L’évêque George Nkuo de Kumbo, situé dans la région du Nord-Ouest du Cameroun, met en garde contre l’acceptation de fonds d’origine douteuse par l’Église. Son intervention fait écho à une controverse au Kenya, où un don du président William Ruto à une église a suscité des manifestations.
Le 2 mars, le président kenyan a fait un don de 155 000 dollars à l’église Jesus Winner Ministry. Ce geste a provoqué l’indignation d’une partie de la population, confrontée à des difficultés économiques croissantes. Alors que près de 40 % de la population du Kenya vit sous le seuil de pauvreté, certains ont critiqué l’origine et la justification d’un tel don. L’événement a dégénéré en manifestations, contraignant les forces de l’ordre à utiliser des gaz lacrymogènes pour disperser la foule.
Des préoccupations éthiques et sociales
Les interrogations sur la provenance de ces fonds ont été relayées par l’évêque kenyan Cleophas Oseso de Nakuru. Lors de son homélie du mercredi des Cendres, il a mis en garde contre l’acceptation de dons de politiciens, surtout lorsque des secteurs essentiels comme l’éducation et la santé manquent cruellement de ressources.
« Nous ne savons pas d’où provient cette somme d’argent et nous devrions nous en inquiéter », a-t-il déclaré. Il a appelé à ce que les dons soient effectués de manière discrète pour éviter toute forme d’instrumentalisation politique ou d’ostentation.
Cette question n’est pas nouvelle au Kenya. L’année dernière, l’Église catholique du pays a refusé un don de 40 000 dollars offert par le président Ruto pour la construction d’une maison de prêtre et pour la chorale de l’église catholique de Soweto, à Nairobi. L’archevêque de la capitale, Philip Anyolo, avait justifié ce refus par des considérations éthiques et la volonté de préserver l’indépendance de l’Église vis-à-vis du pouvoir politique.
Dans cette même logique, l’archevêque Anyolo a également ordonné la restitution d’un don de 200 000 shillings kenyans fait par le gouverneur de Nairobi, Johnson Sakaja. Il a rappelé que l’Église désapprouve l’utilisation d’événements religieux à des fins de promotion politique.

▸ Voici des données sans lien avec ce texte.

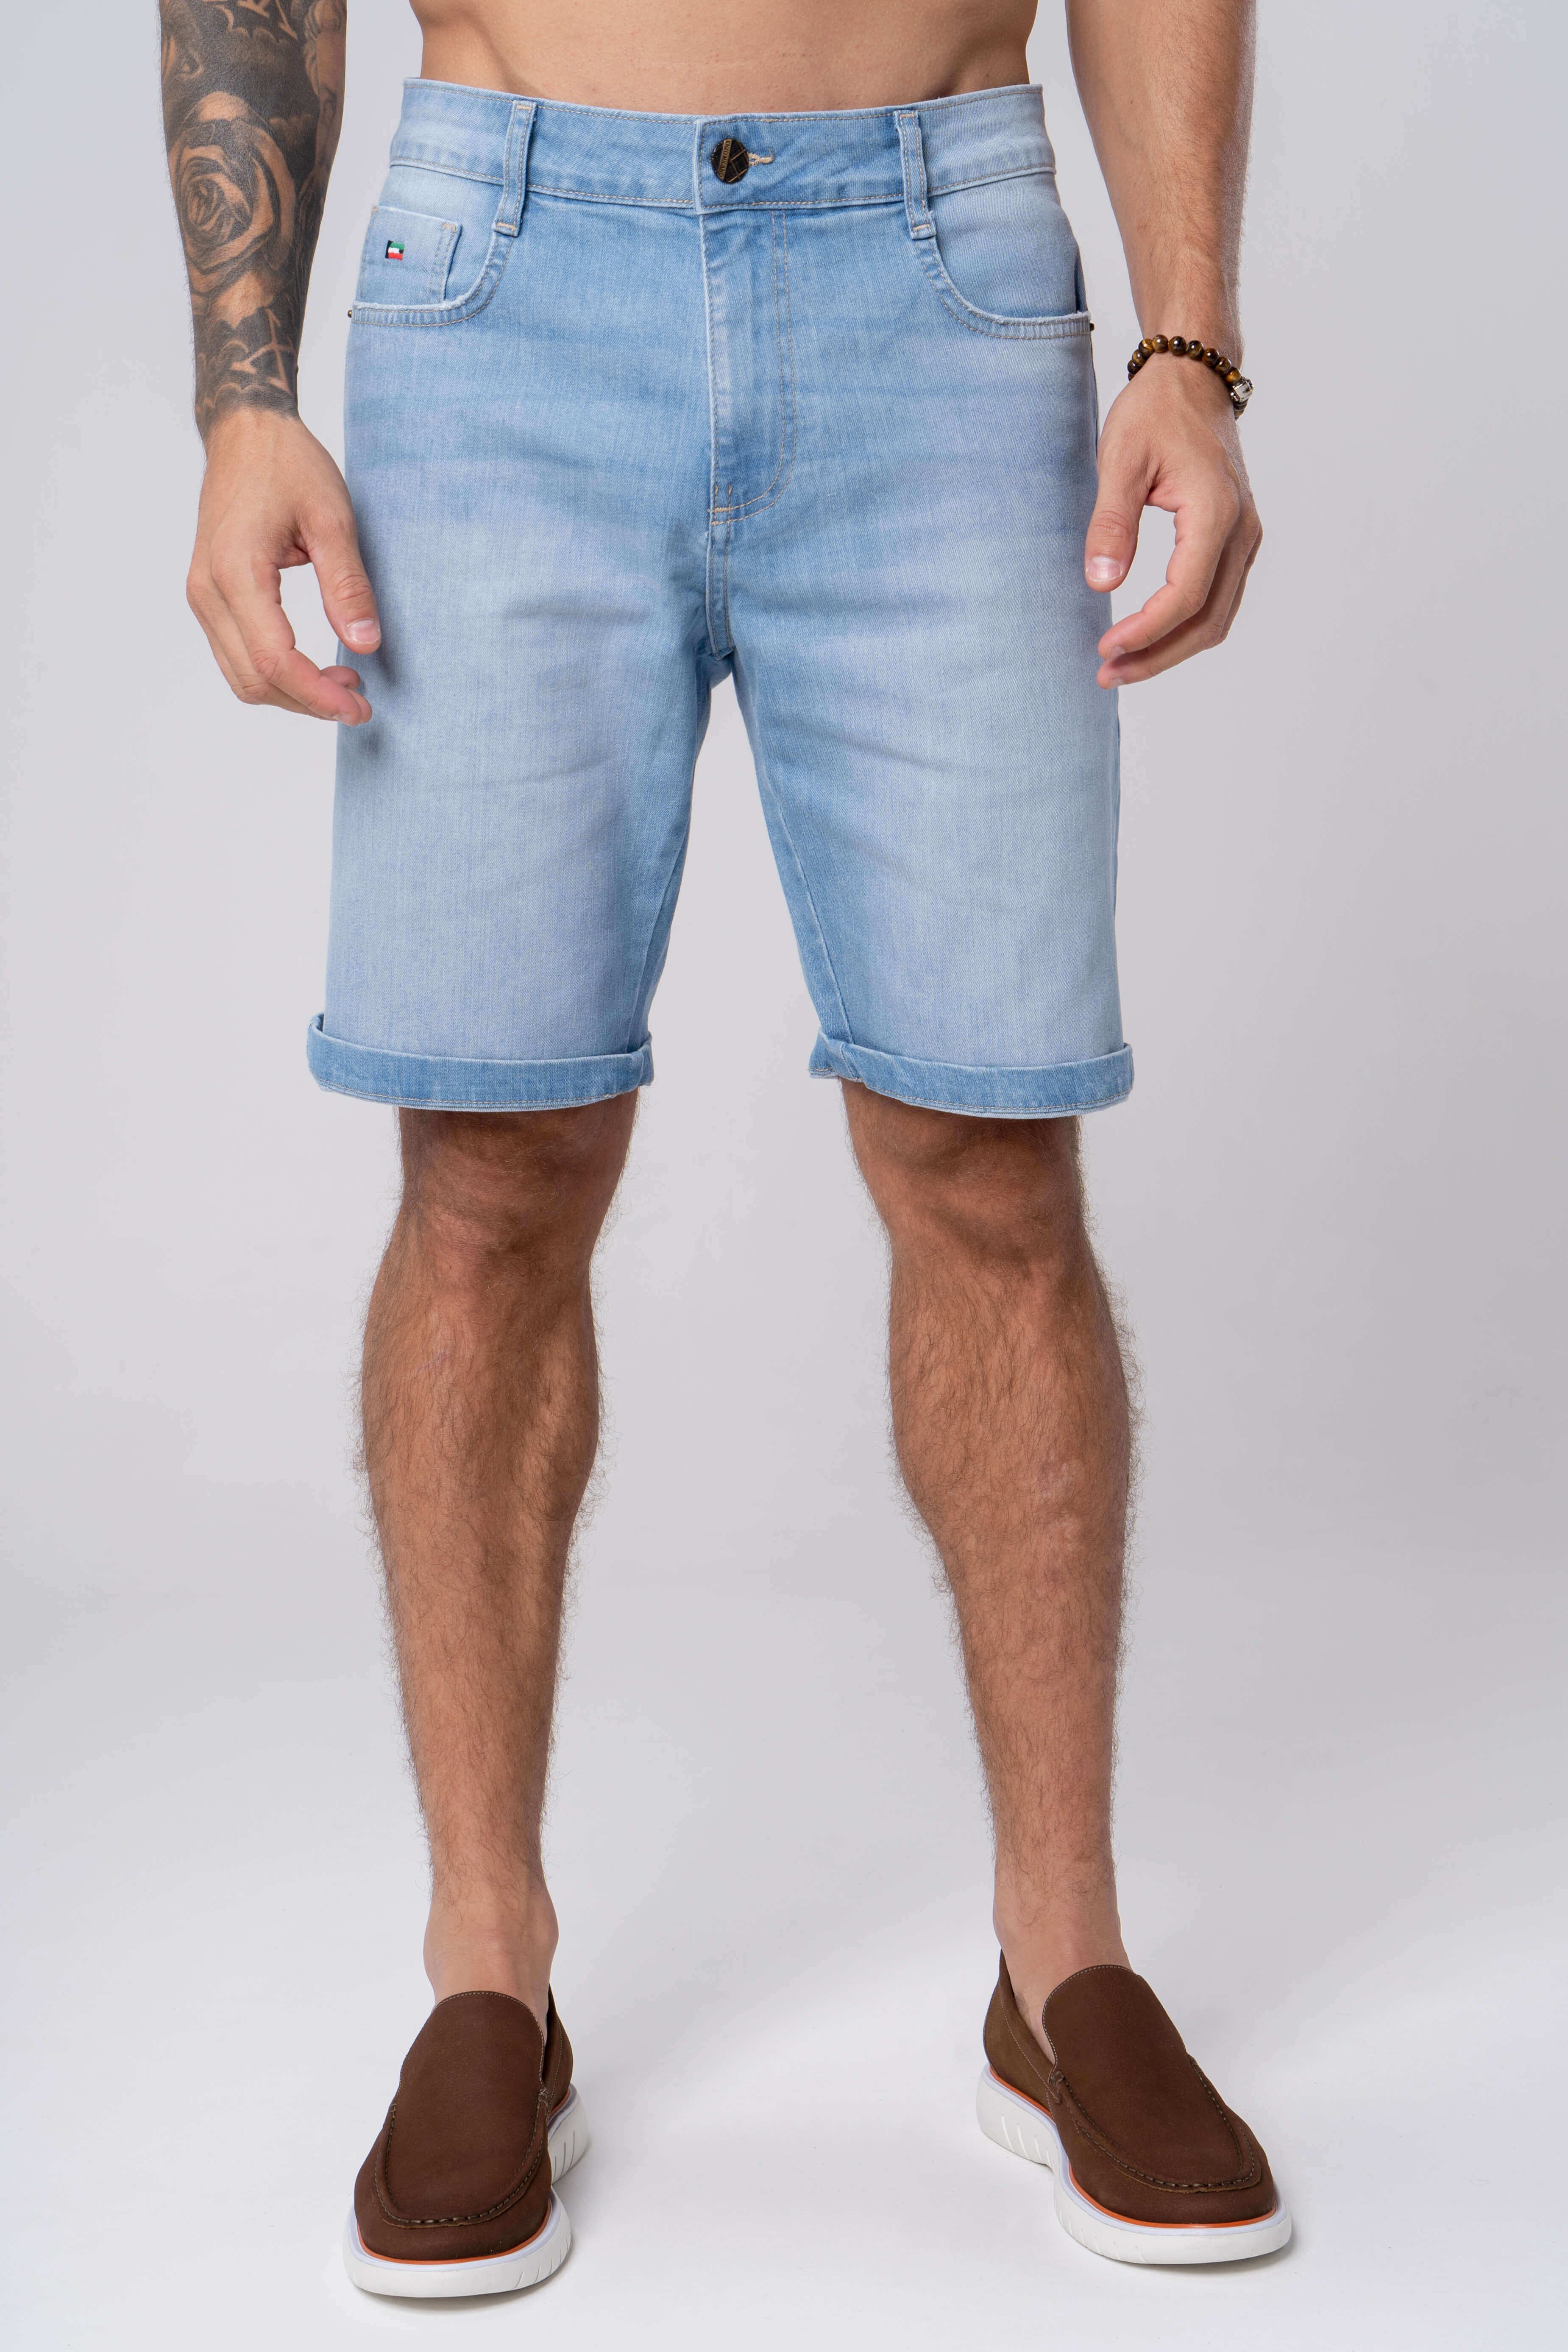 Bermuda Jeans Masculina Short Jeans Modelagem Mais Folgada

Une opposition croissante dans l’opinion publique
Les débats sur ce sujet ont largement pris de l’ampleur sur les réseaux sociaux. De nombreux internautes ont critiqué la pratique de dons somptuaires par les dirigeants politiques, estimant que cet argent devrait être utilisé pour des infrastructures et des services publics plutôt que pour financer des institutions religieuses.
James Njoroge, fondateur de la Youth Forum Foundation, a estimé que ce genre de dépenses explique en partie la méfiance de certaines nations envers l’aide internationale accordée à l’Afrique. « Le président donne 150 000 dollars à un pasteur pour obtenir des votes et l’Afrique se plaint du manque de financements. Il est temps de dire non aux dirigeants corrompus et aux pasteurs qui cautionnent ces pratiques », a-t-il déclaré.
D’autres voix, comme celle de l’enseignant Tyto Long’ei, estiment que ces dépenses révèlent un dysfonctionnement économique profond. « L’Afrique reste pauvre parce que nous investissons plus dans la construction d’églises que dans celle d’usines, puis nous prions pour avoir des emplois, oubliant que l’église ne crée pas d’emplois », a-t-il réagi.
La femme d’affaires Sally Mwihaki a quant à elle ironisé sur la générosité du président. « Notre président est si riche qu’il pourrait financer le budget national à lui seul. Nous n’avons même plus besoin de payer d’impôts », a-t-elle commenté, en appelant les bailleurs internationaux à suspendre les financements au Kenya.
Une position assumée par le président Ruto
Face aux critiques, le président Ruto a affirmé qu’il ne renoncerait pas à faire des dons à l’Église, mettant en avant sa foi. « Je suis le produit de ma générosité envers Dieu et je ne m’en excuse pas », a-t-il déclaré.
Cependant, la multiplication de ces controverses illustre une remise en question croissante de la place des dons politiques dans les institutions religieuses en Afrique.